**YOUR ASSIGNMENT:**
The answer is to be the data that follows, transcribed exactly, minus its pictures.
*** COLLECTED MATERIAL ***
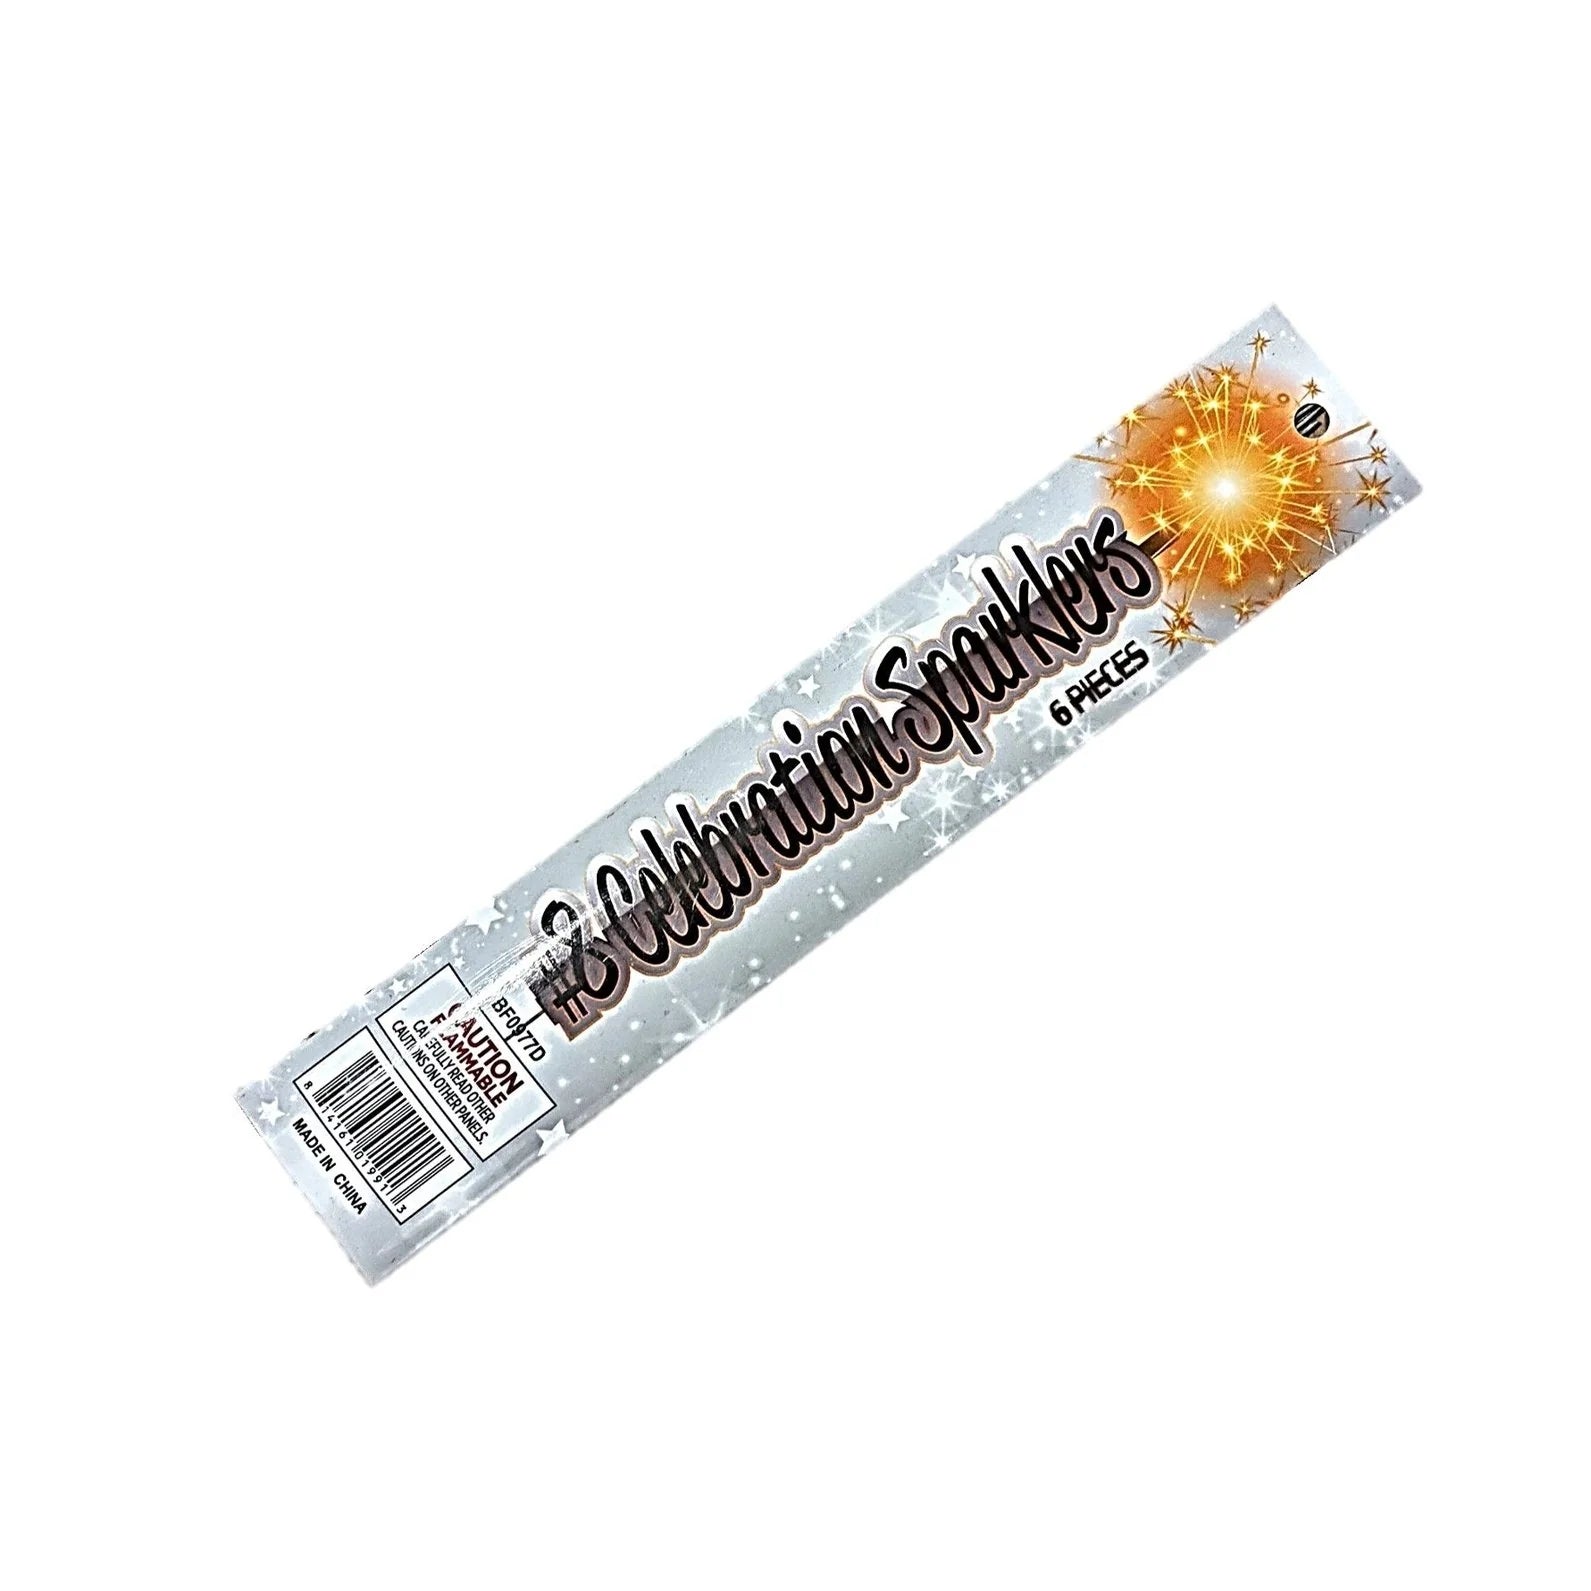 72 Piece 8 Inch Gold Sparklers - 12 Packs of 6 Sparklers
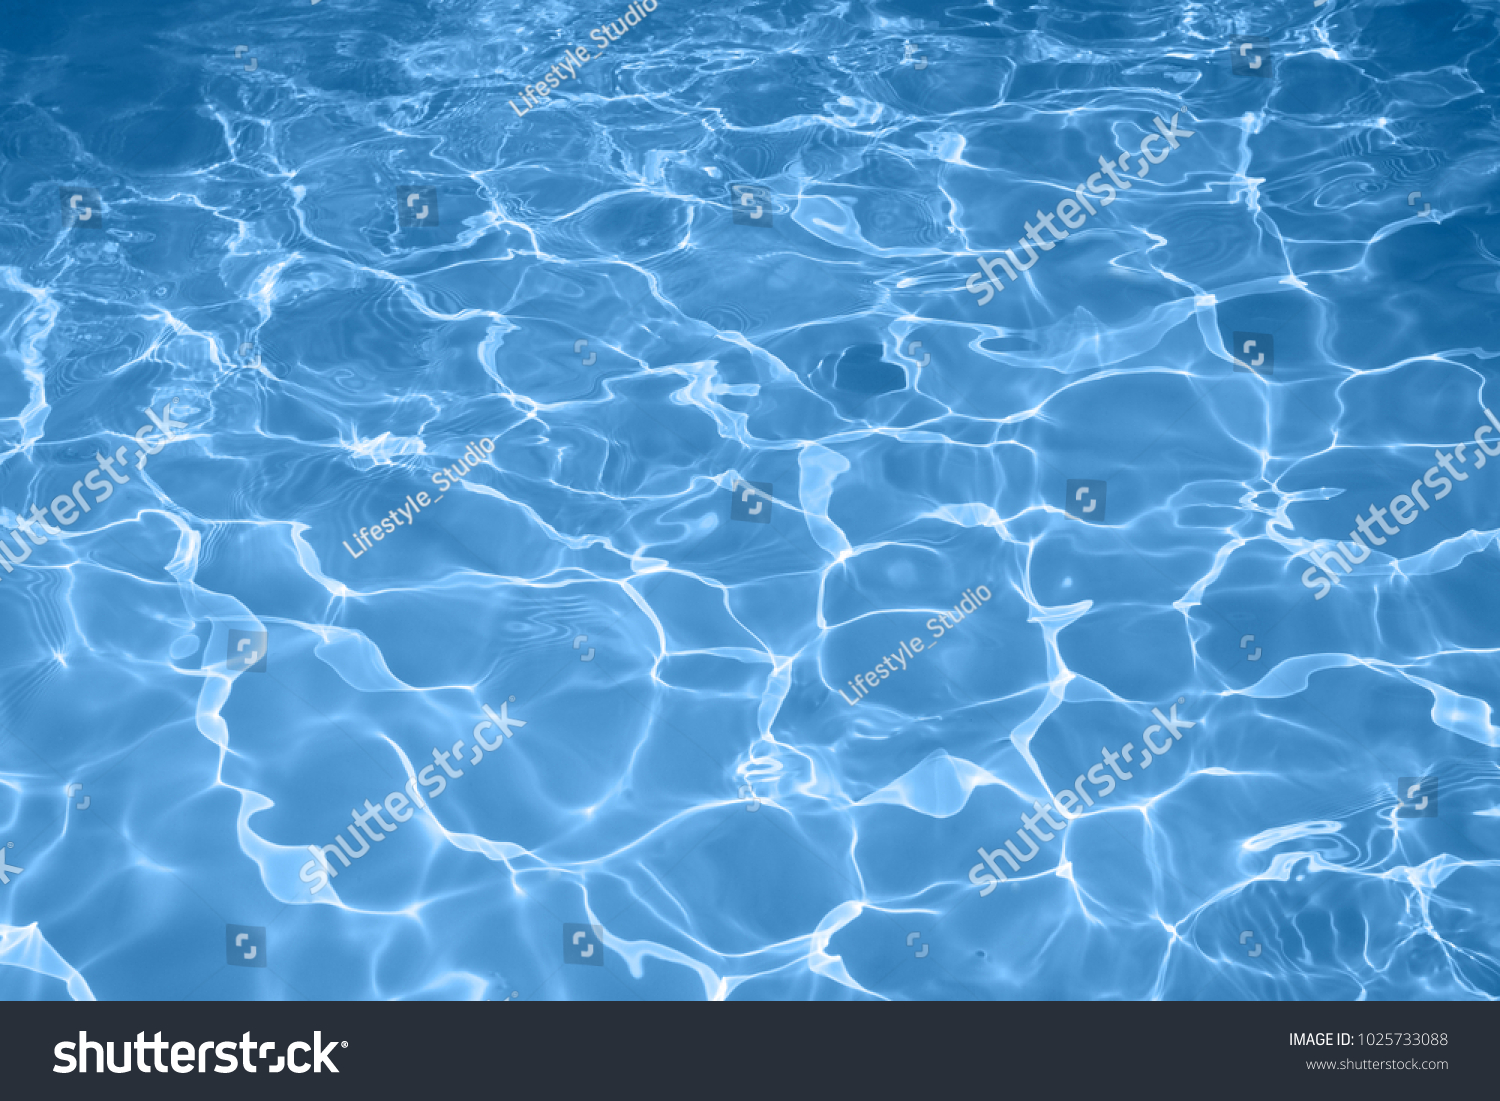 Surface of blue swimming pool, Water nature background for design #1025733088
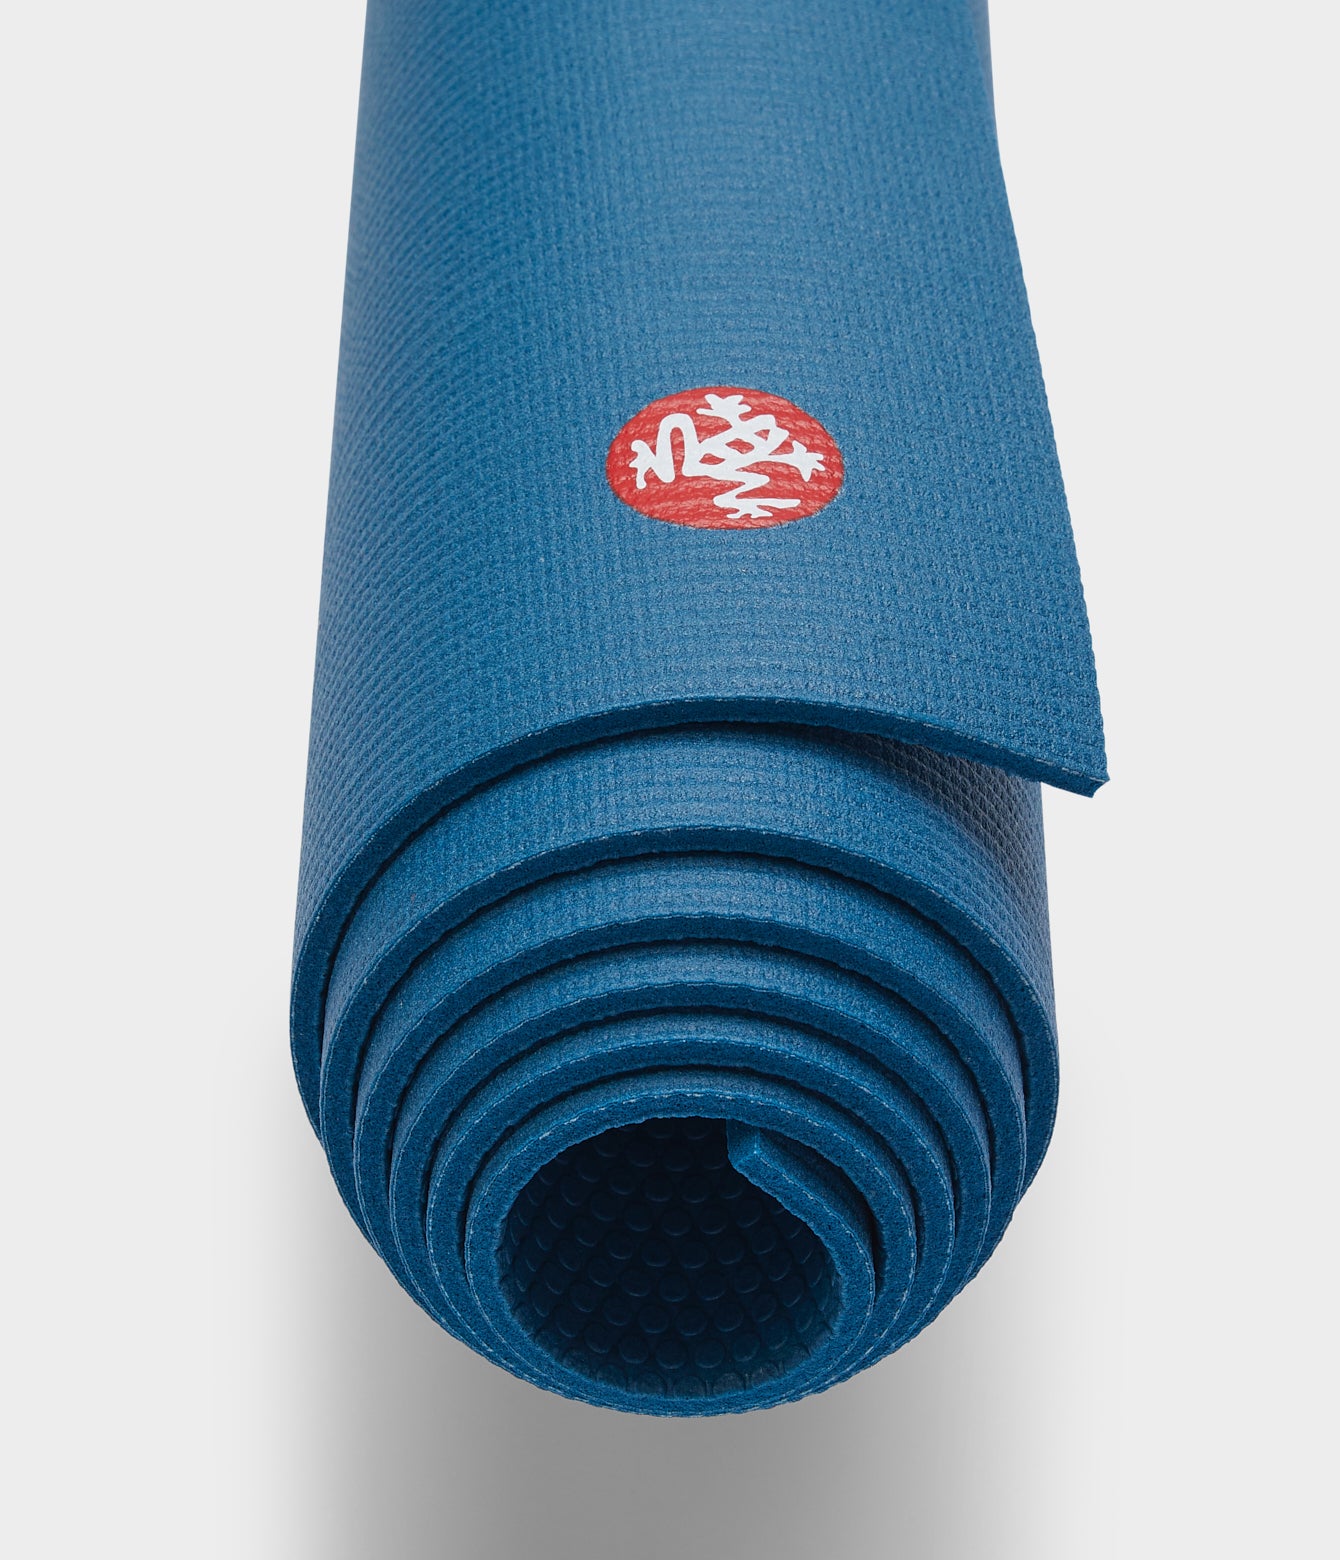 Discount YOGA products in one place ✓ JogaLine store - Manduka
***
**EXERCISE ANSWER:**
 72 Piece 8 Inch Gold Sparklers - 12 Packs of 6 Sparklers
 Surface of blue swimming pool, Water nature background for design #1025733088
 Discount YOGA products in one place ✓ JogaLine store - Manduka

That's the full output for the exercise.